Problem description: Taking only the lines of the data below from the line with "Sample Profit and Loss Statement Template" to the line with "Vintage Moroccan Rug, Berber", ends included, write them out exactly and without pictures.

==== Data supplied

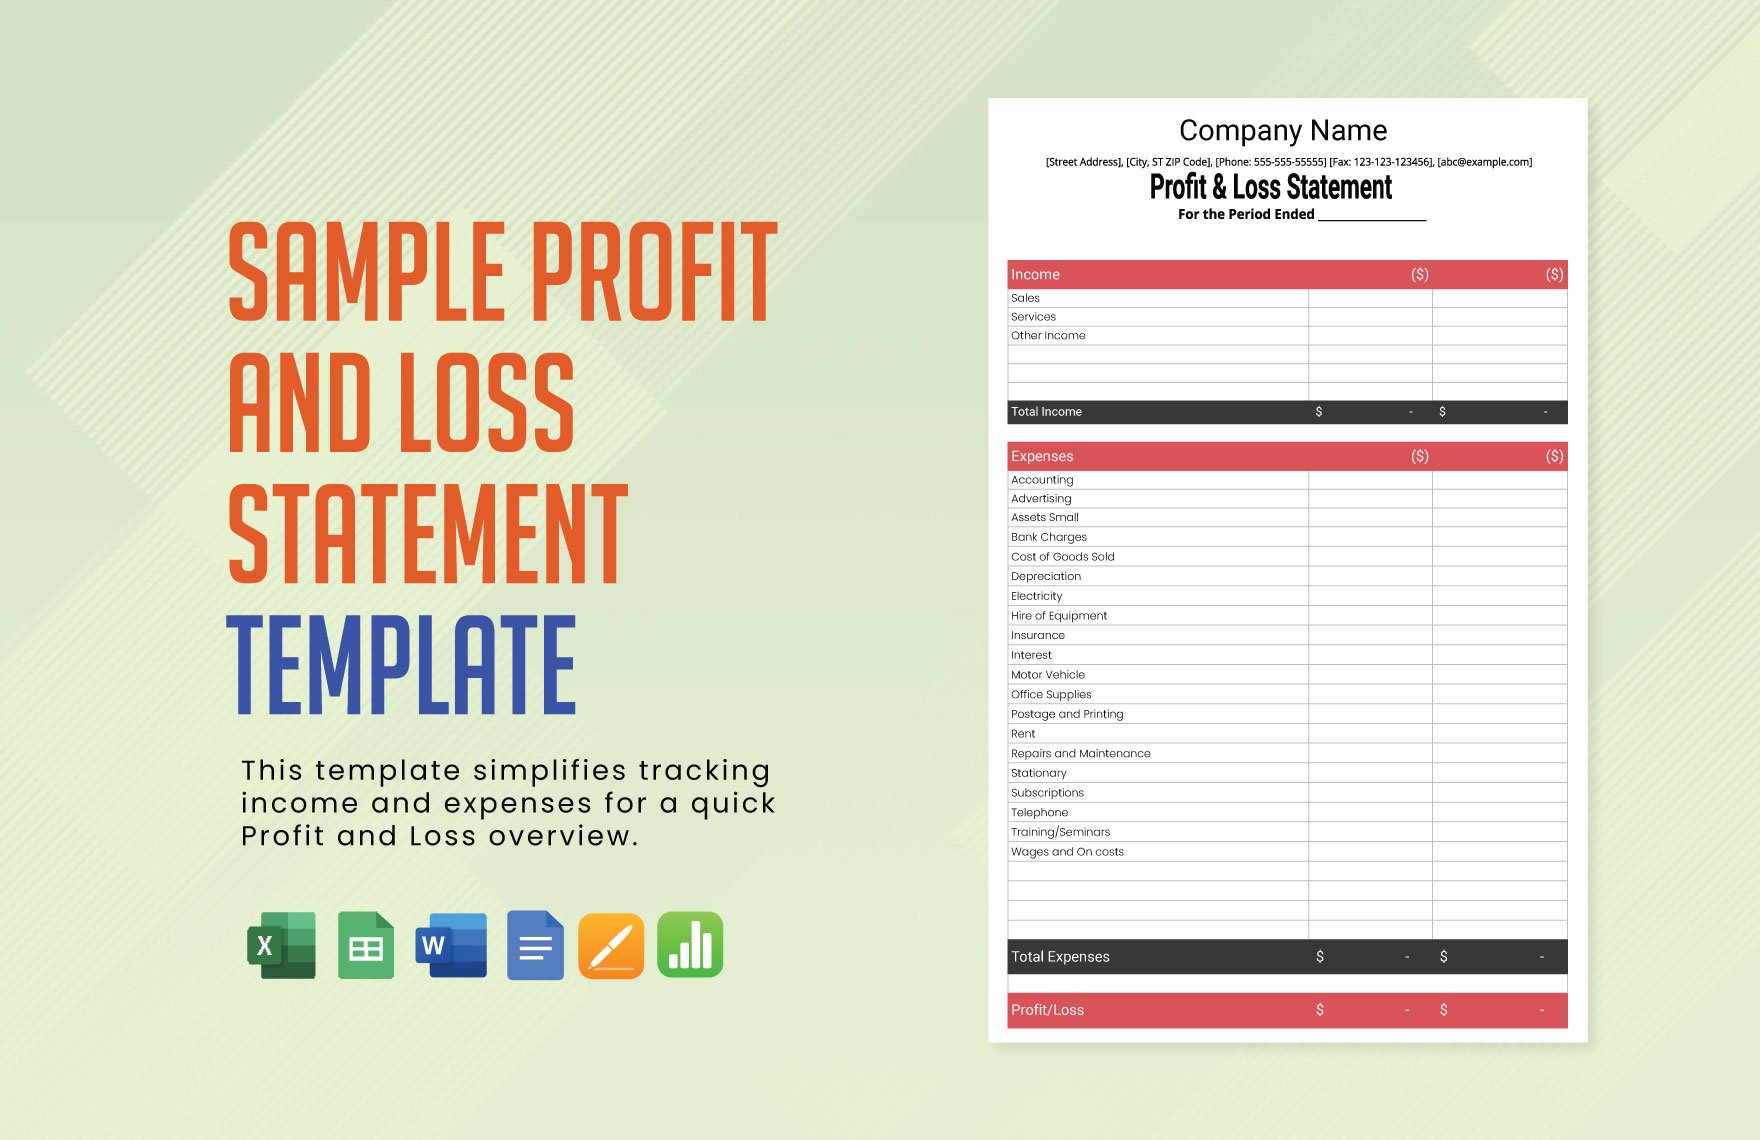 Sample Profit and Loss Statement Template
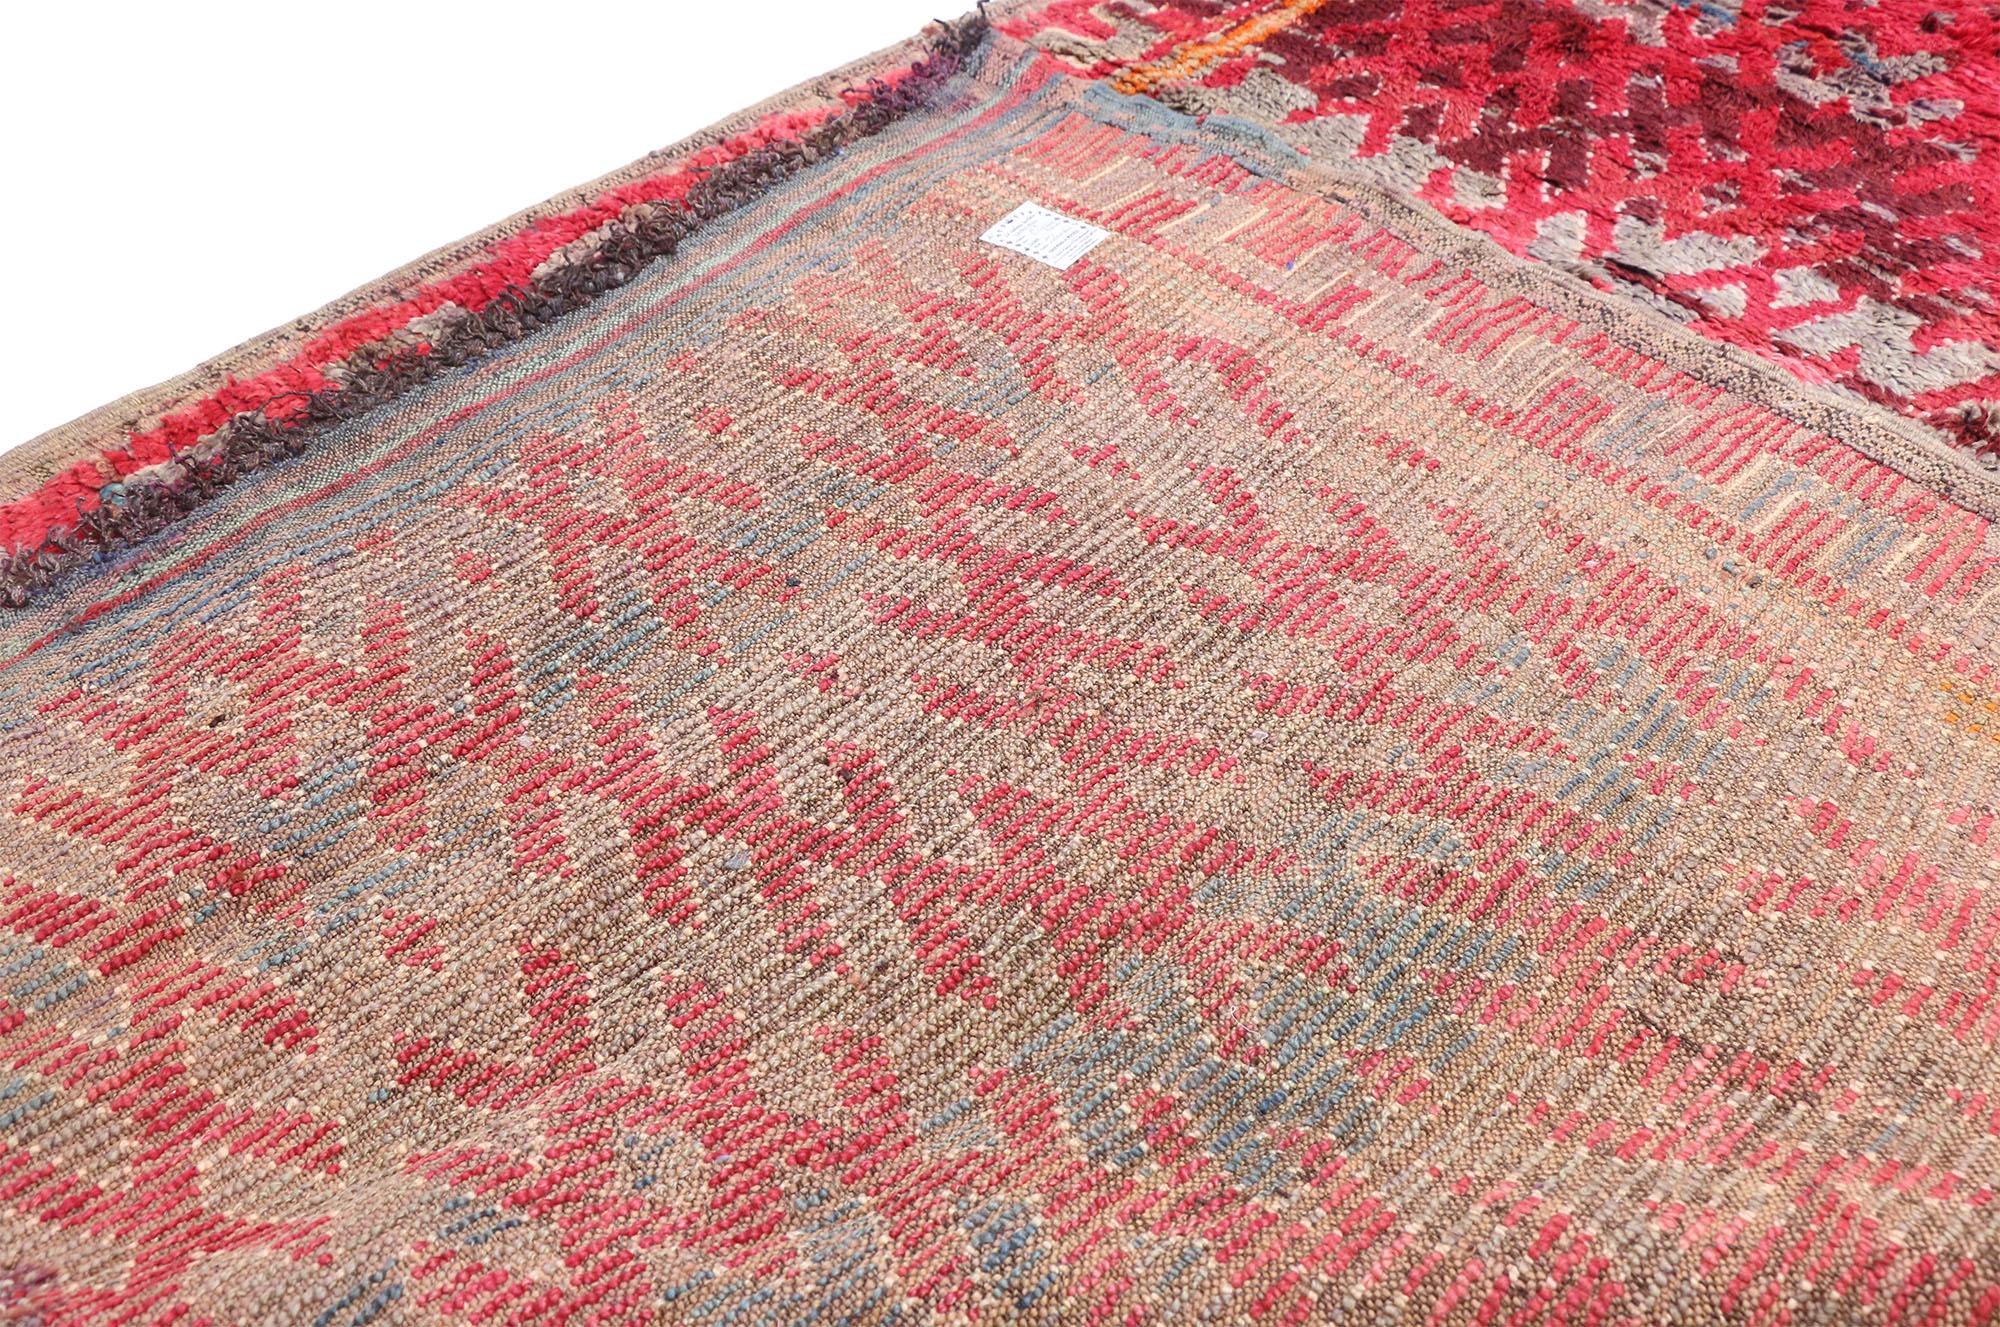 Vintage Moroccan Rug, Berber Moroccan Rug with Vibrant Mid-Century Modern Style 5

========
==== Data supplied

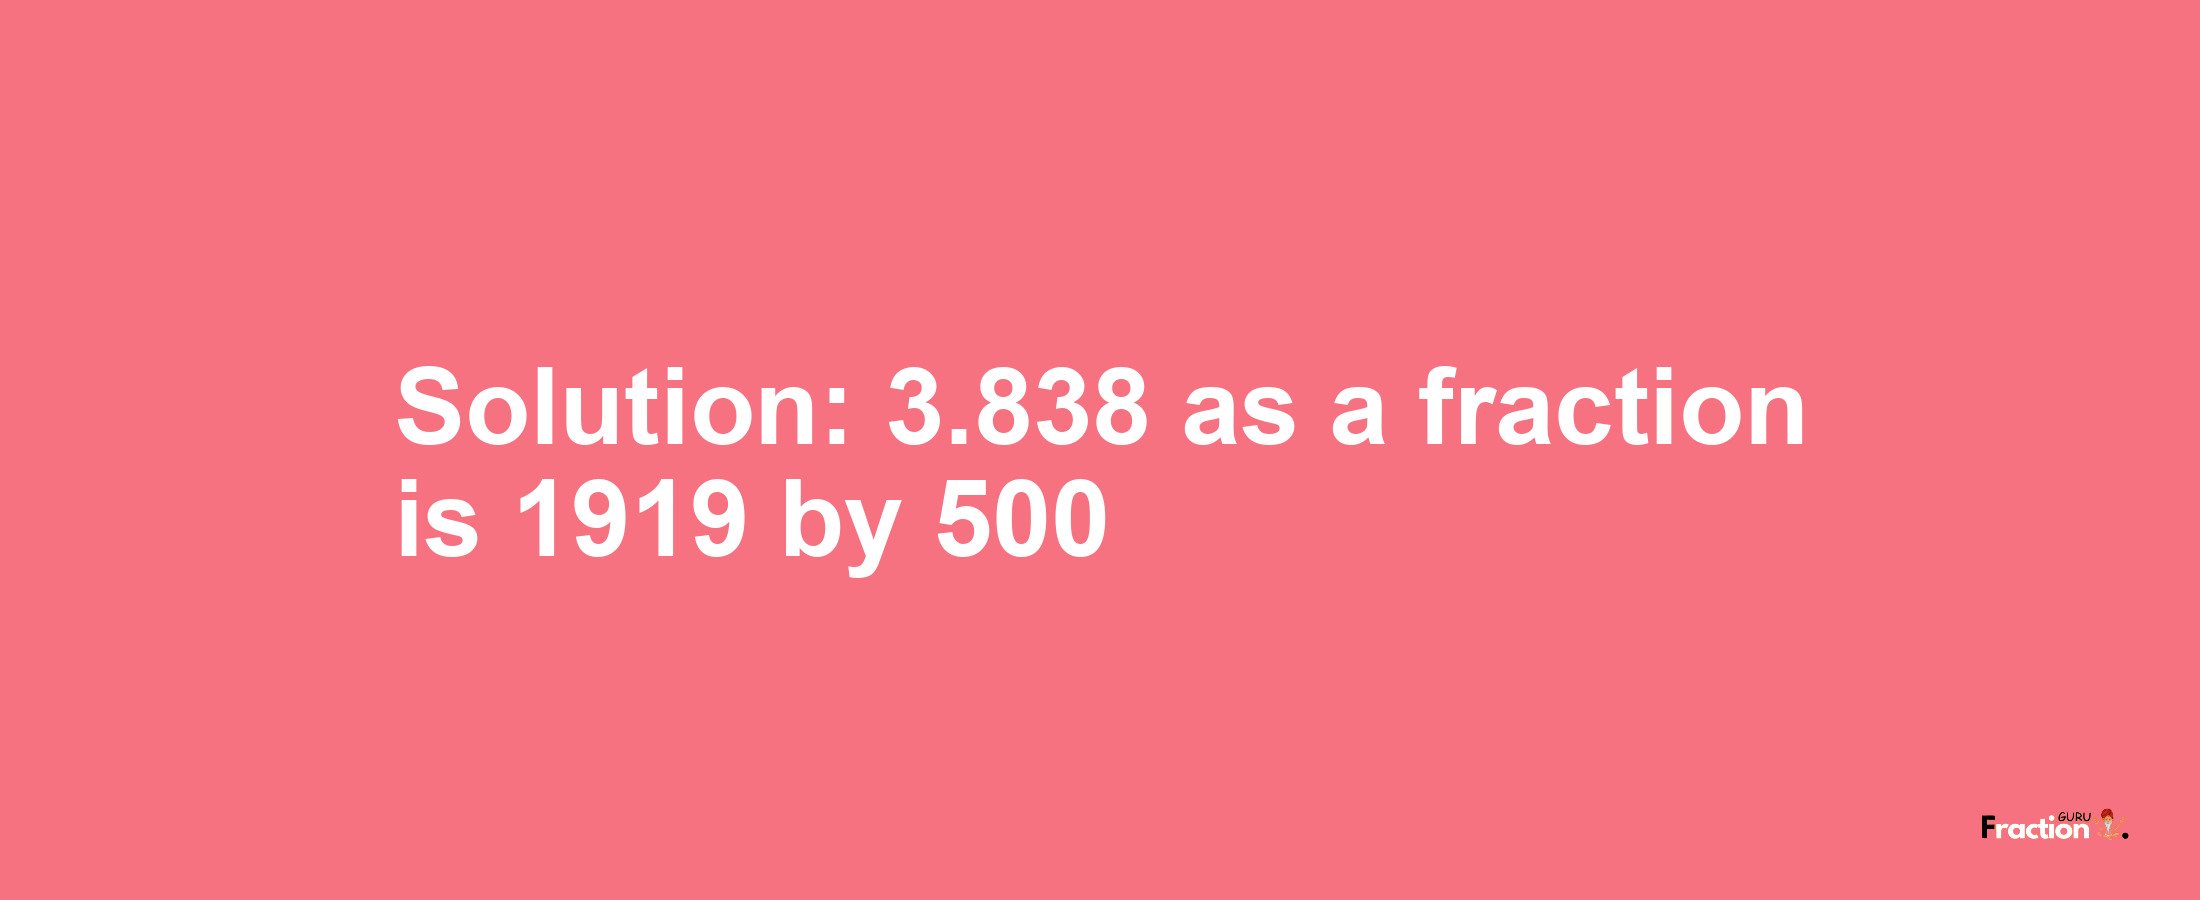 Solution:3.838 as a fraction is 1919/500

========

Solution below:
 Sample Profit and Loss Statement Template
 Vintage Moroccan Rug, Berber Moroccan Rug with Vibrant Mid-Century Modern Style 5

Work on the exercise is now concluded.